» TRY IT:
Output exactly the lines of the listing below that run from the line with "Sailor Uranus /" through the line with "Bufab Sechskantschraube 100er". No pictures.

» EXTRACTED RECORDS:

=-=-=-=-=

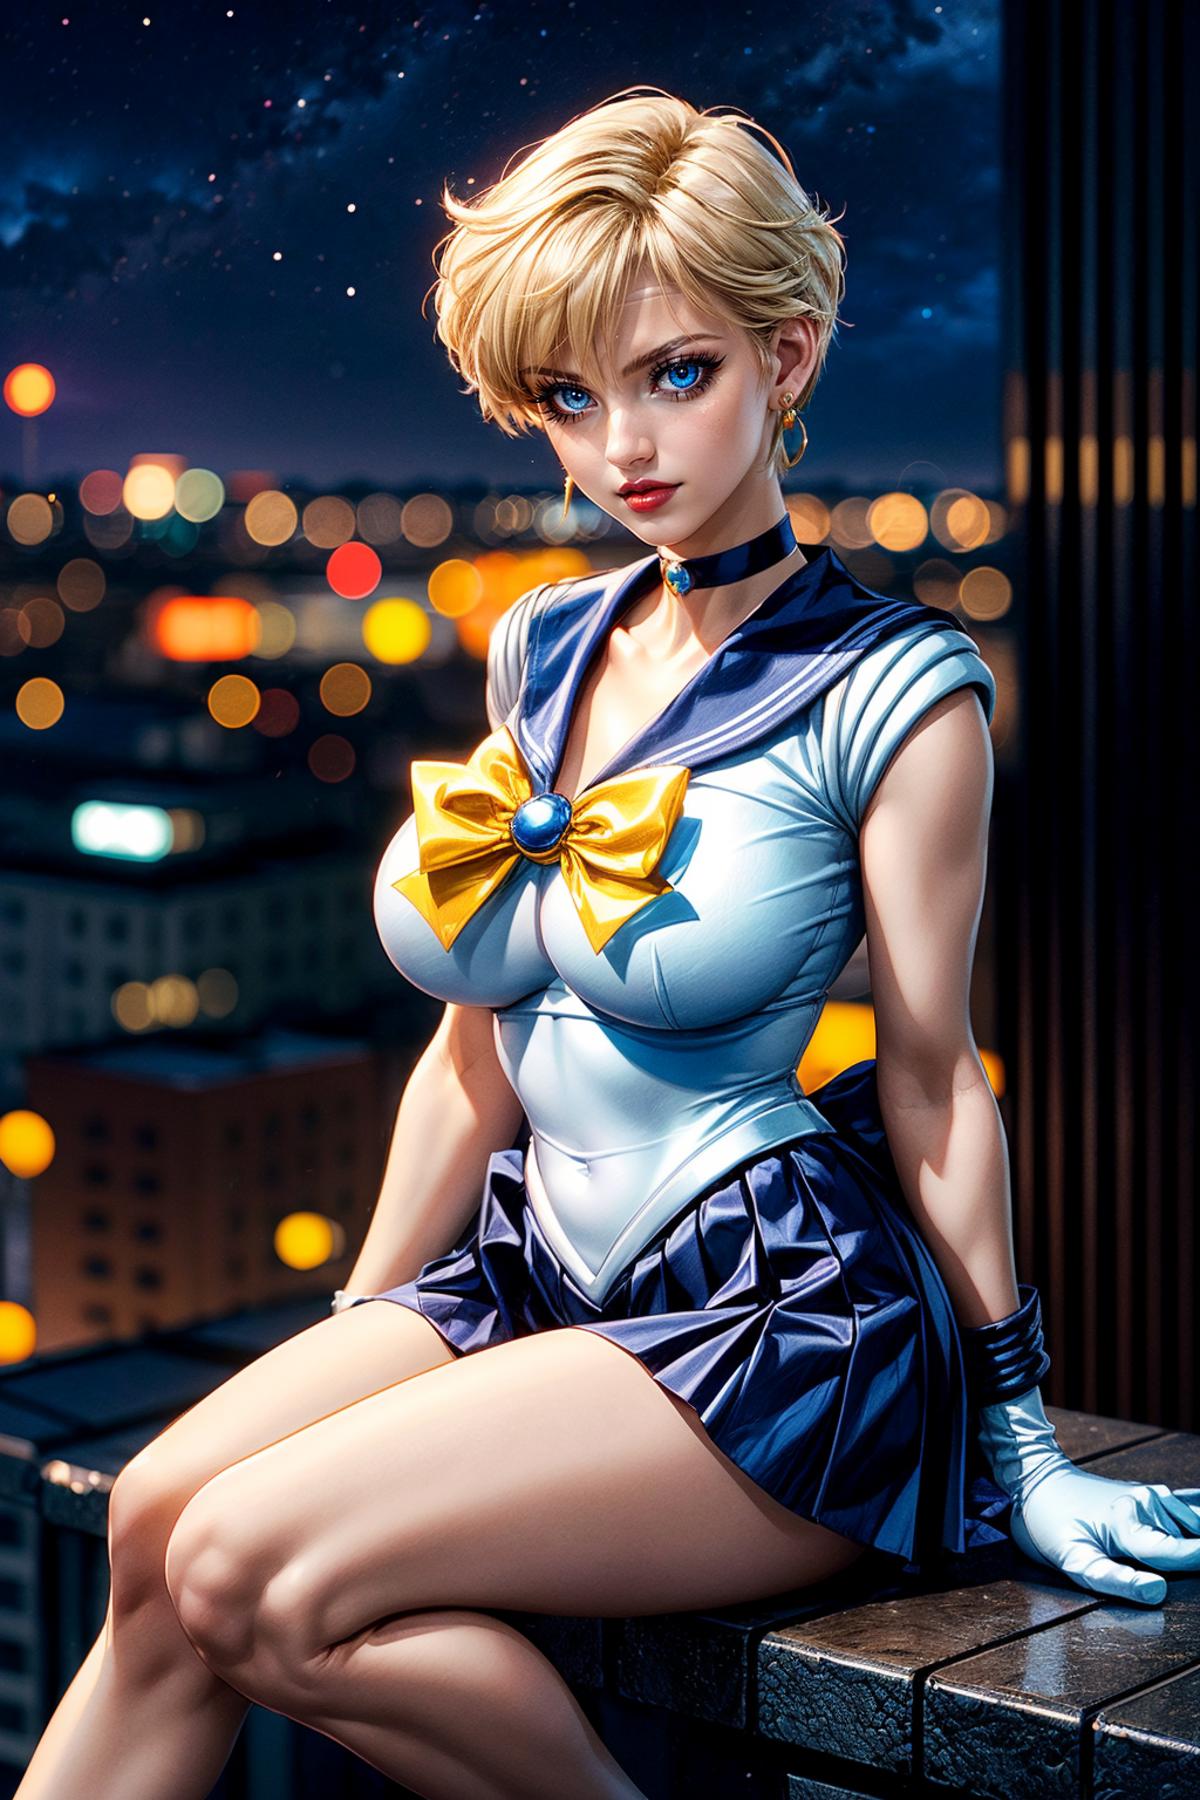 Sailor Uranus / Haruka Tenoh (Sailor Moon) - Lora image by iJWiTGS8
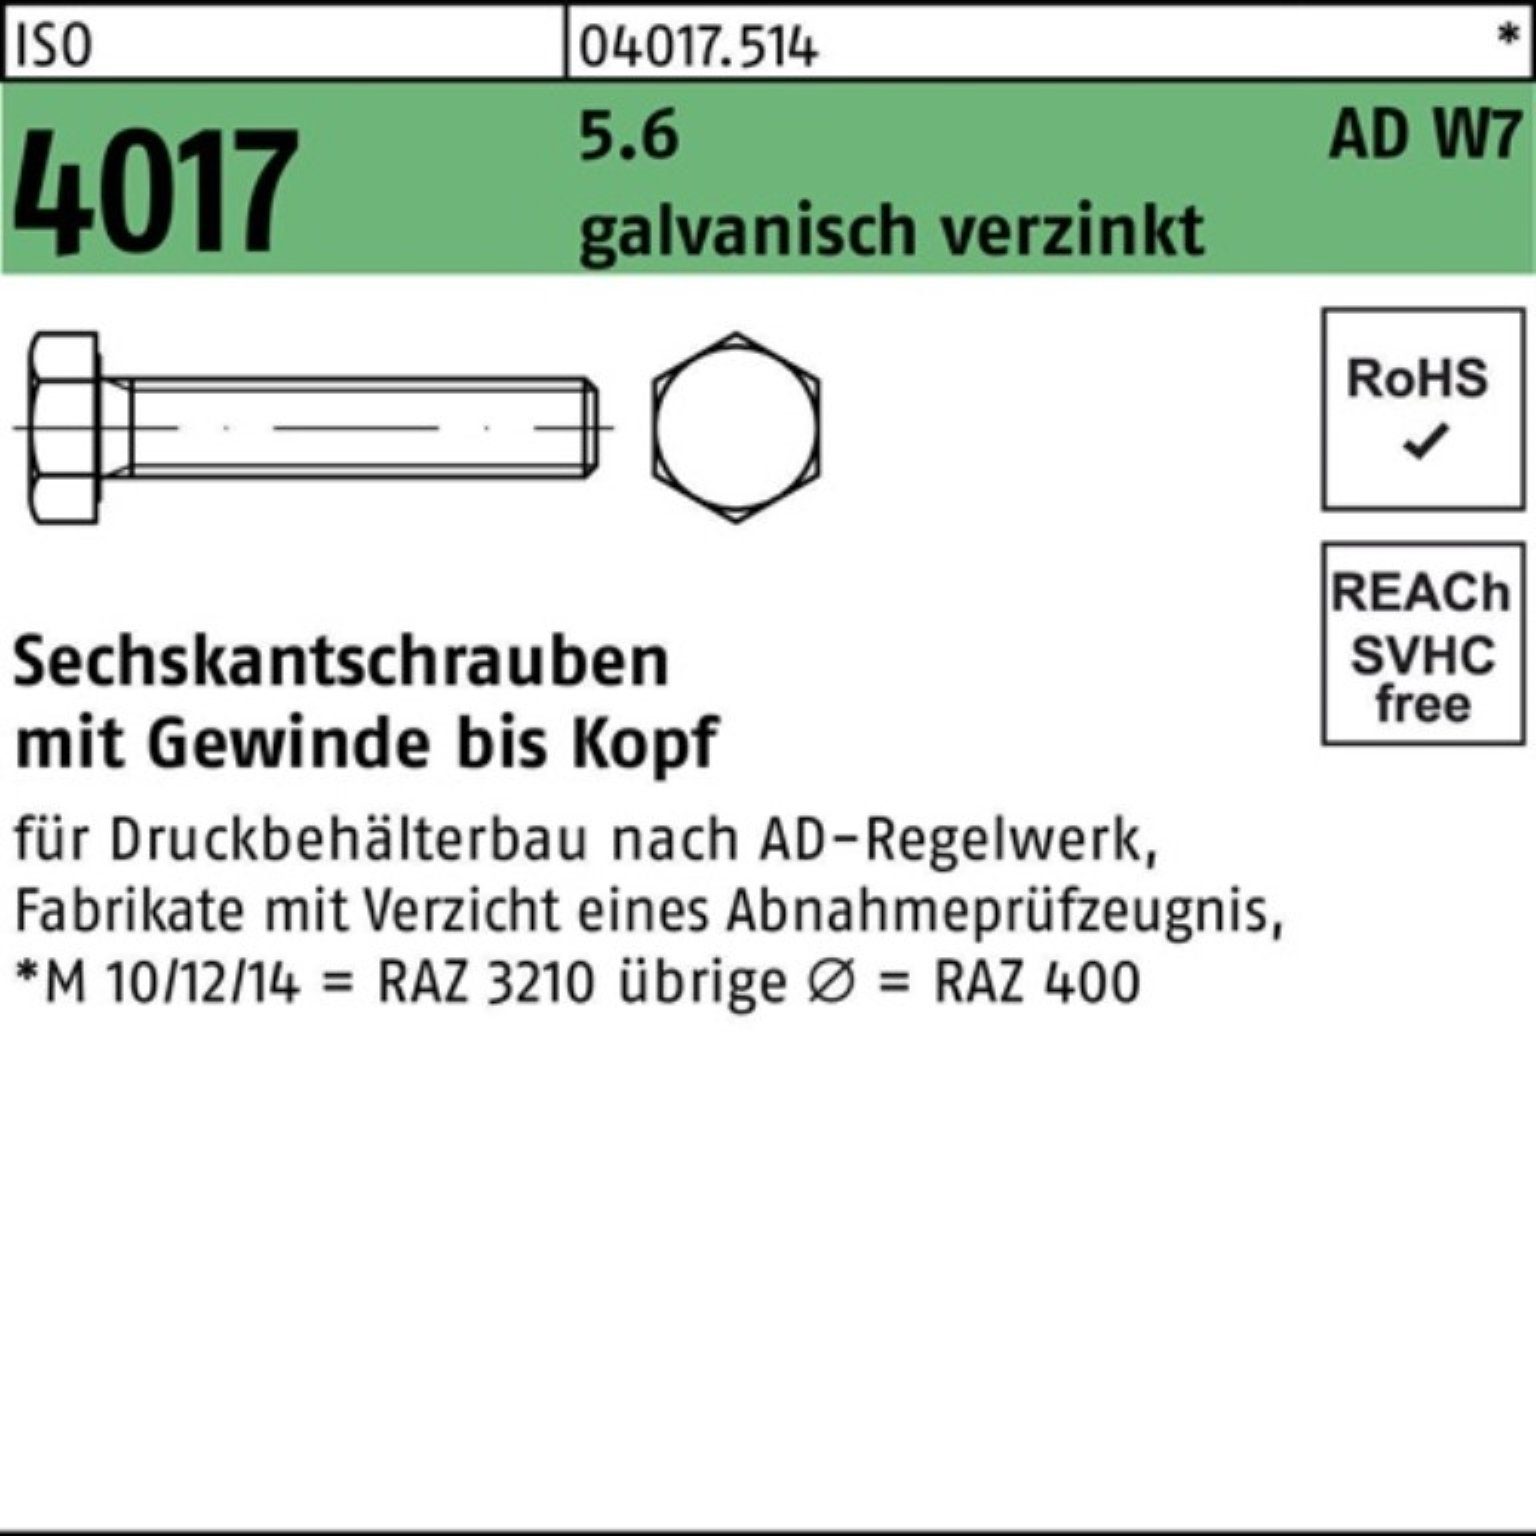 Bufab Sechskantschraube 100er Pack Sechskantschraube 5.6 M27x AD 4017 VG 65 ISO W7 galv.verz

=-=-=-=-=

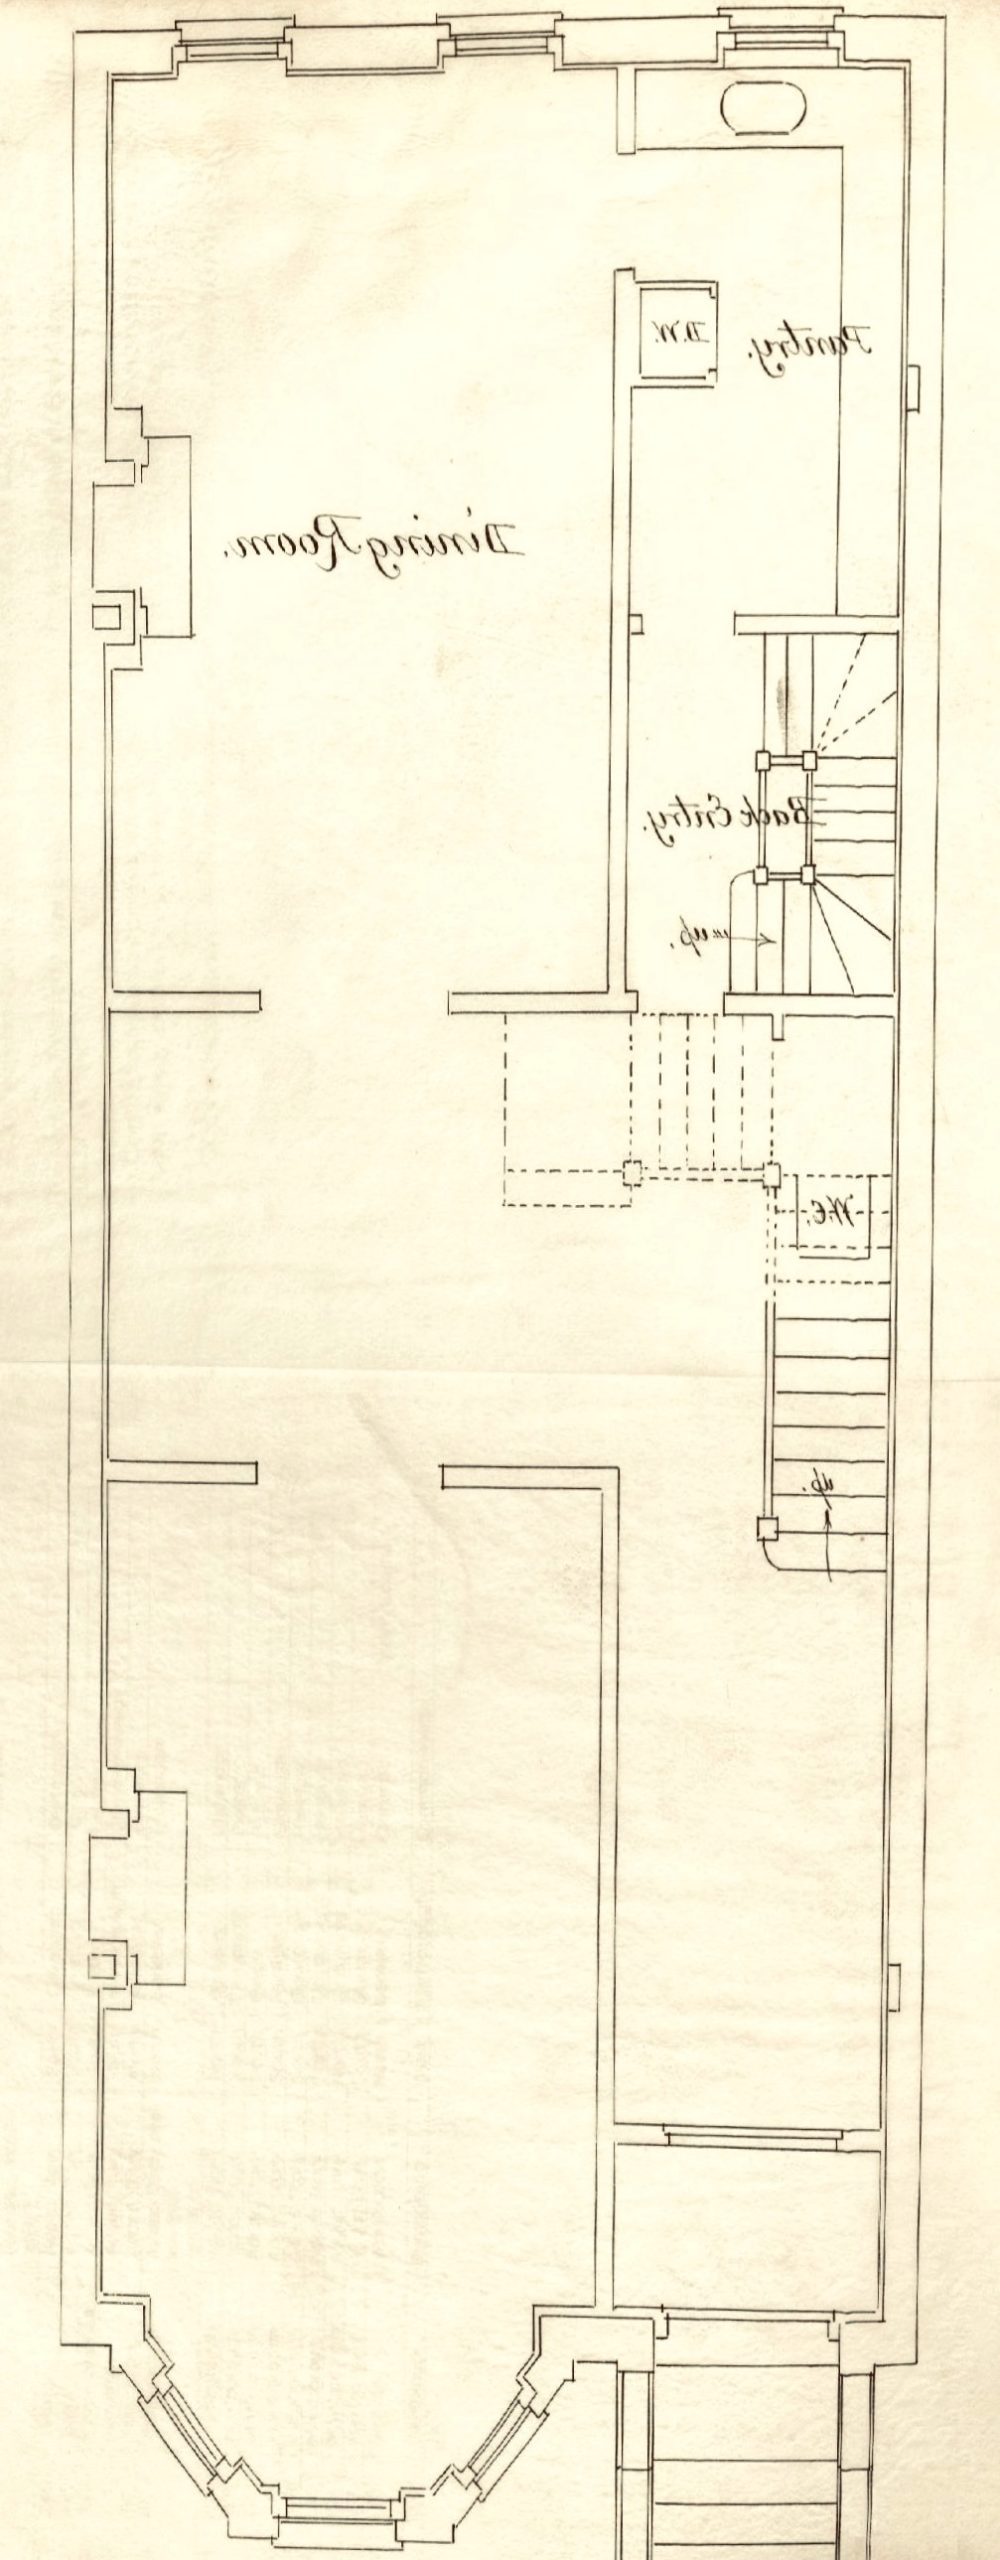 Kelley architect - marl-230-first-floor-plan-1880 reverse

=-=-=-=-=

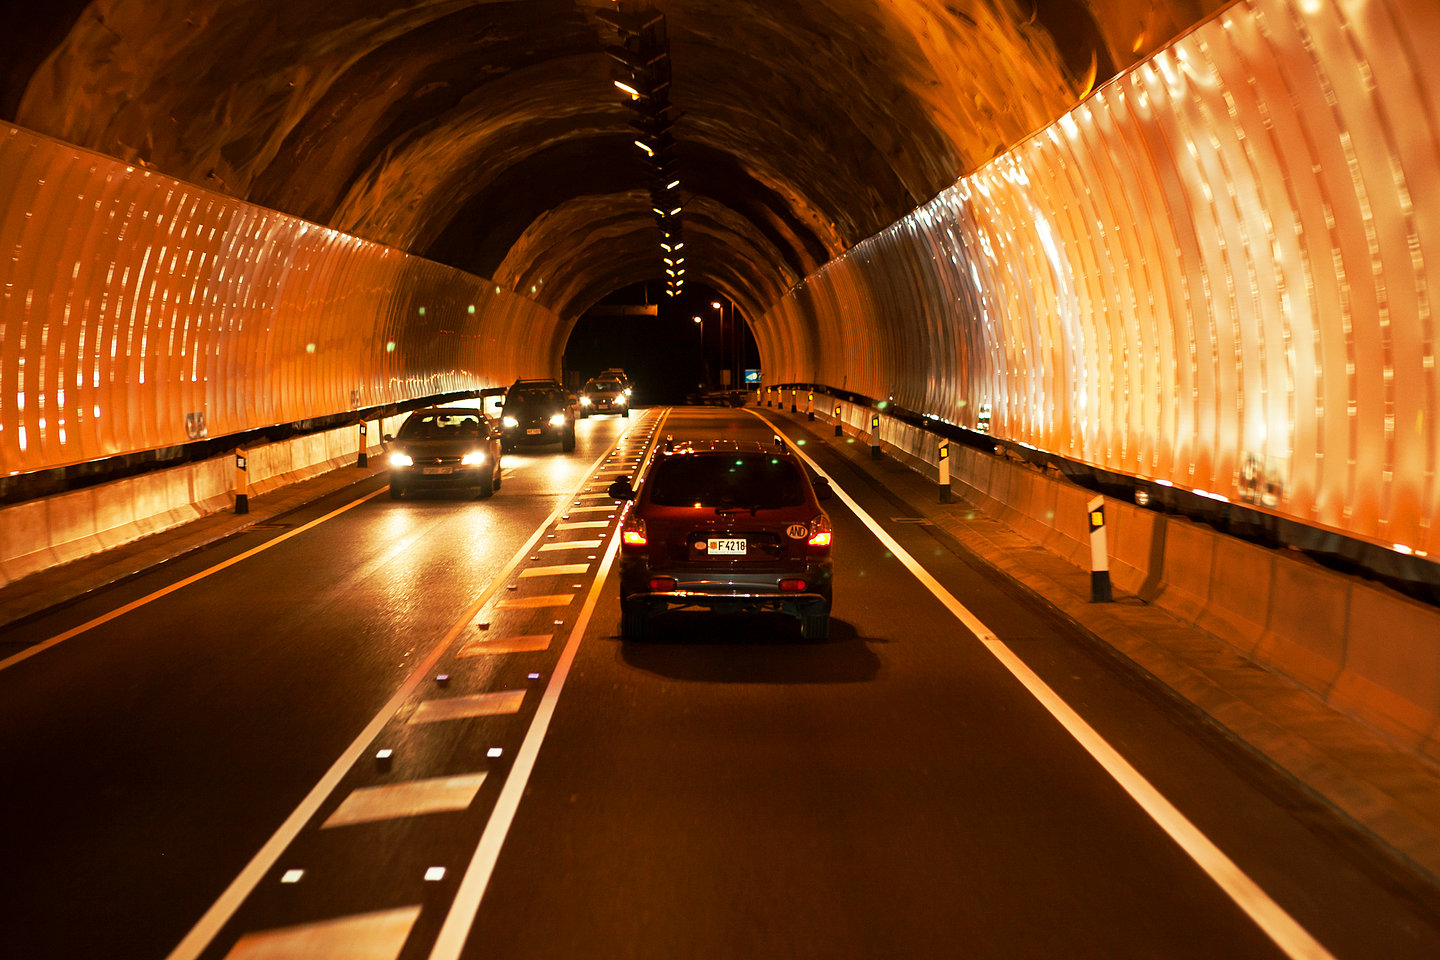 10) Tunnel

=-=-=-=-=

» EXPECTED OUTPUT:
 Sailor Uranus / Haruka Tenoh (Sailor Moon) - Lora image by iJWiTGS8
 Bufab Sechskantschraube 100er Pack Sechskantschraube 5.6 M27x AD 4017 VG 65 ISO W7 galv.verz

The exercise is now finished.